As an undergraduate, Dmitry Liapitch was curious as to how many plastic drinking bottles he used in a year. “I kept them in my closet. I put them underneath my bed. I put them in my car,” Liapitch says. “In one year, I used enough bottles to build a boat.”
So he did the obvious—he built a boat.
Liapitch, now an RIT sustainable engineering graduate student, has always believed in the power of recycling. He wanted to make something useful out of the massive pile of bottles he collected over a year’s time as a student at Wells College, a small liberal arts college on the shores of Cayuga Lake.
The amount of bottles was staggering. “It kind of blew my mind,” Liapitch says. He had saved nearly 800 of them.
The concept came naturally. The reality of building it was no small feat. He wrapped large amounts of plastic bottles with industrial plastic wrap to create the body of the sailboat. The plan all along was to set sail. During Earth Day events in 2010, Liapitch was able to do so. He set sail on Cayuga Lake, in the Finger Lakes.
“I was skeptical,” Liapitch says with a laugh.
He was to sail across the widest part of the lake, which is about three miles from east shore to west shore. He created the oars out of shower curtains. The sail was a hybrid of fashion and function—a vintage dress combined with plastic shower curtains.

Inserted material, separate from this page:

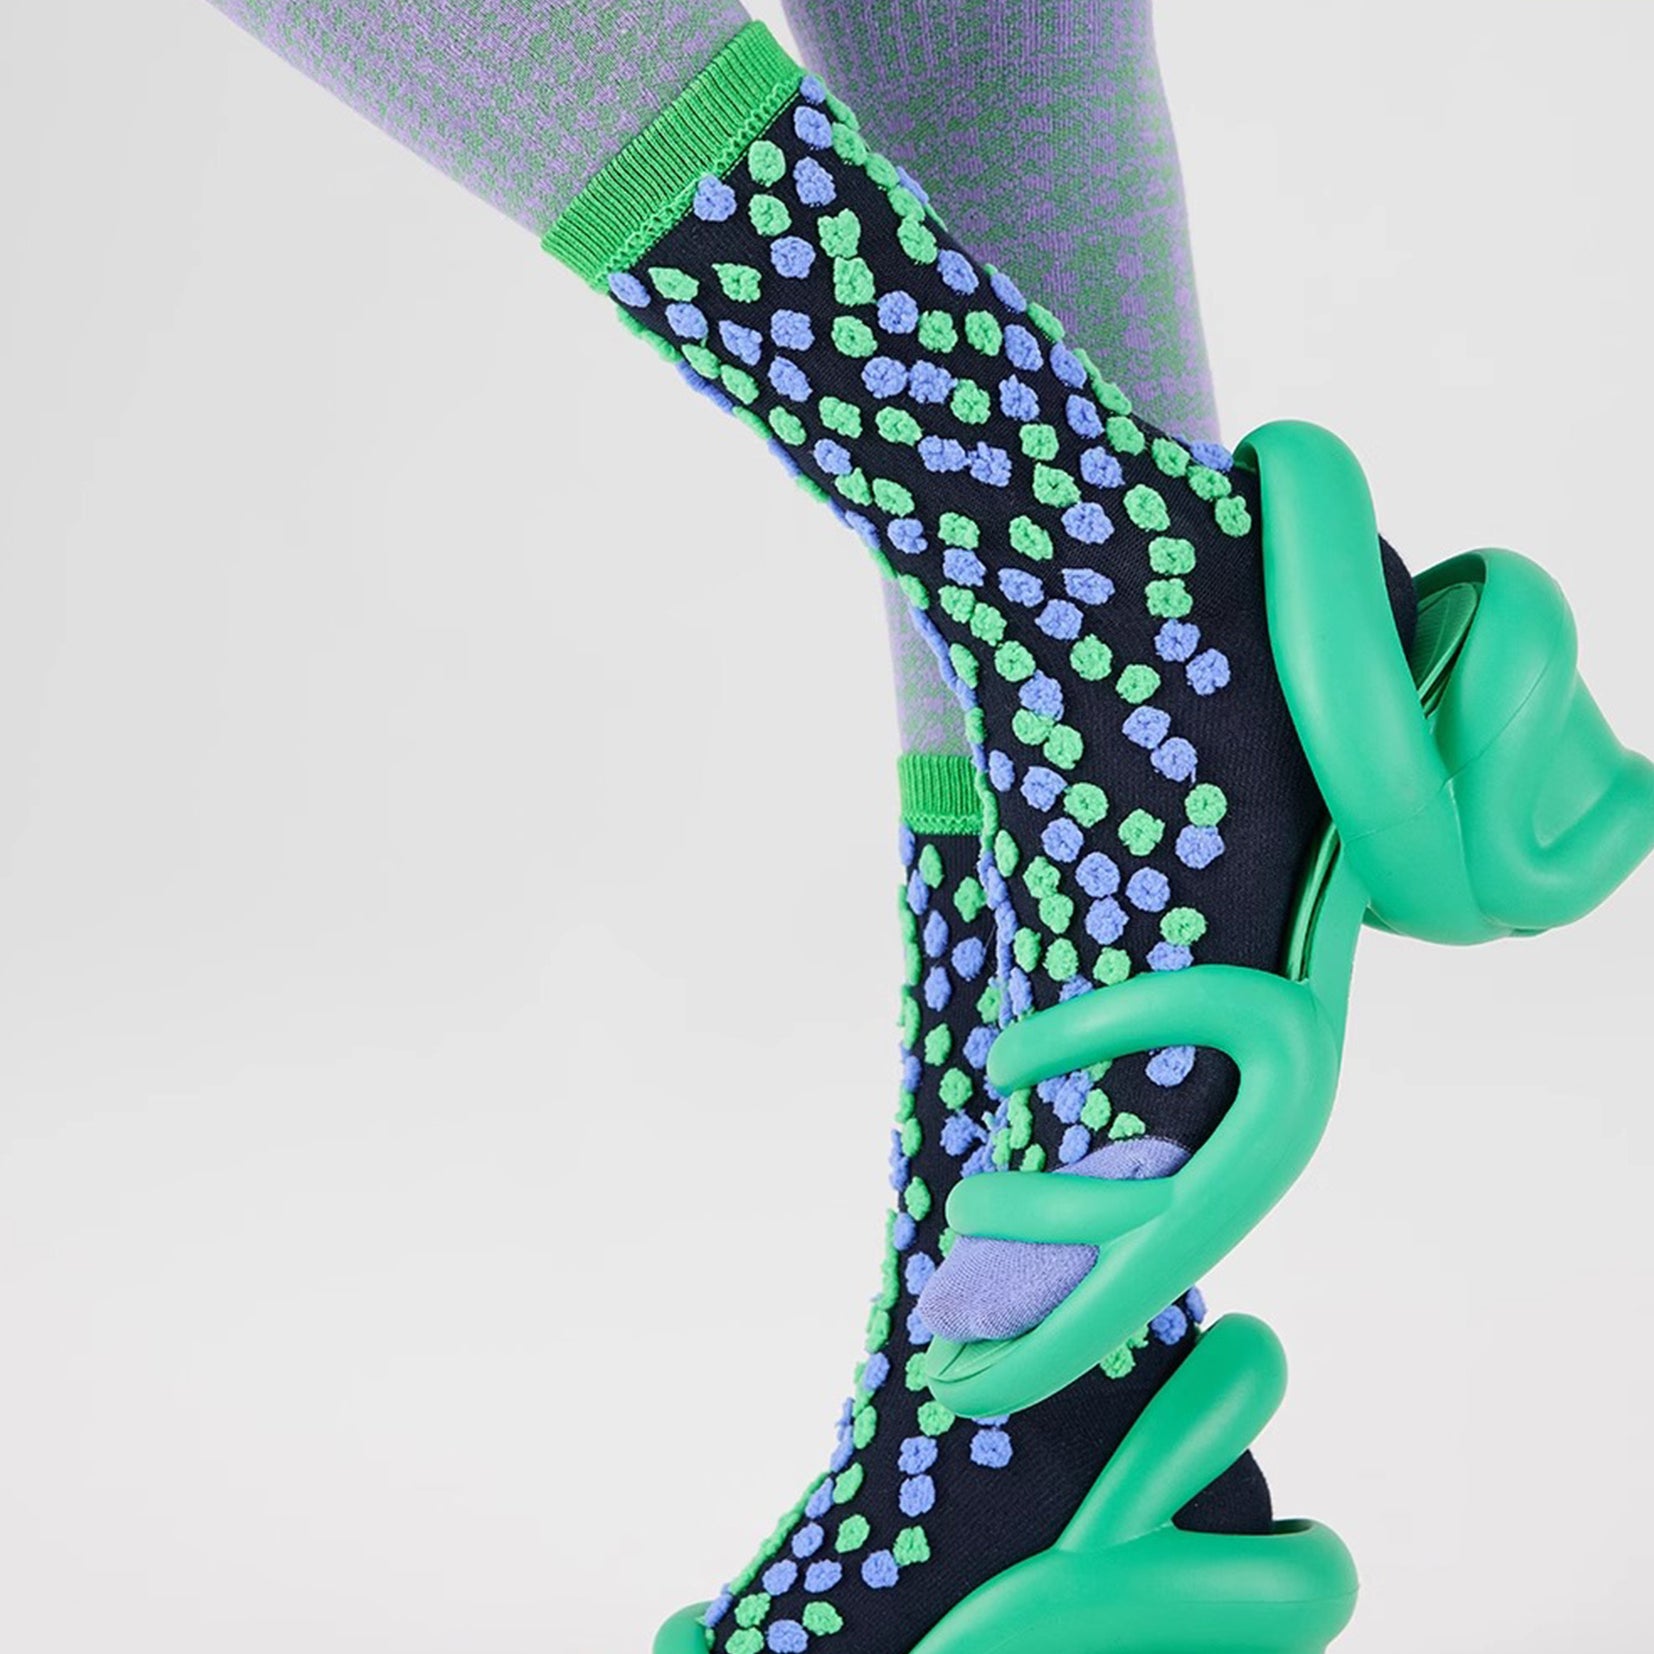 Beans bumpy reversible mid-calf sock - green

Liapitch made it about a mile and decided he proved his point. “I was going about a mile an hour,” Liapitch says with a smile on his face. “It was a mission accomplished.”
The launch of his boat launched his passion of all things sustainable.
Liapitch, currently RIT’s recycling administrator, is as enthusiastic about recycling and sustainability as humanly possible. He is “Super Recycling Man.” He acts as RIT’s unofficial mascot for recycling, which entails dressing up as a plastic bottle with a recycling logo on it.
“When it comes to sustainability, Dmitry is one of the most dedicated students that I know,” says Enid Cardinal, senior sustainability advisor at RIT. “His passion shows when he speaks about his role as RIT’s recycling coordinator and how he became interested in the field and his enthusiasm is infectious.”
His passion fuels his success. When he was at Wells, the college held the highest recycling rate per student in the country. RIT has taken that throne this past year. He laughs and says with a smile that he’d like to think it was because of him.
Liapitch is always trying to think of ways to get people to recycle. A college student’s footprint is taxing on the environment, he says.
“If one person consumes that many bottles in a year, think of how many people there are in a college and how many they can consume,” Liapitch says. “You’ve got yourself a fleet — an army of plastic.”
As for the boat, Liapitch did the natural thing upon returning to shore. “When in doubt, recycle it.”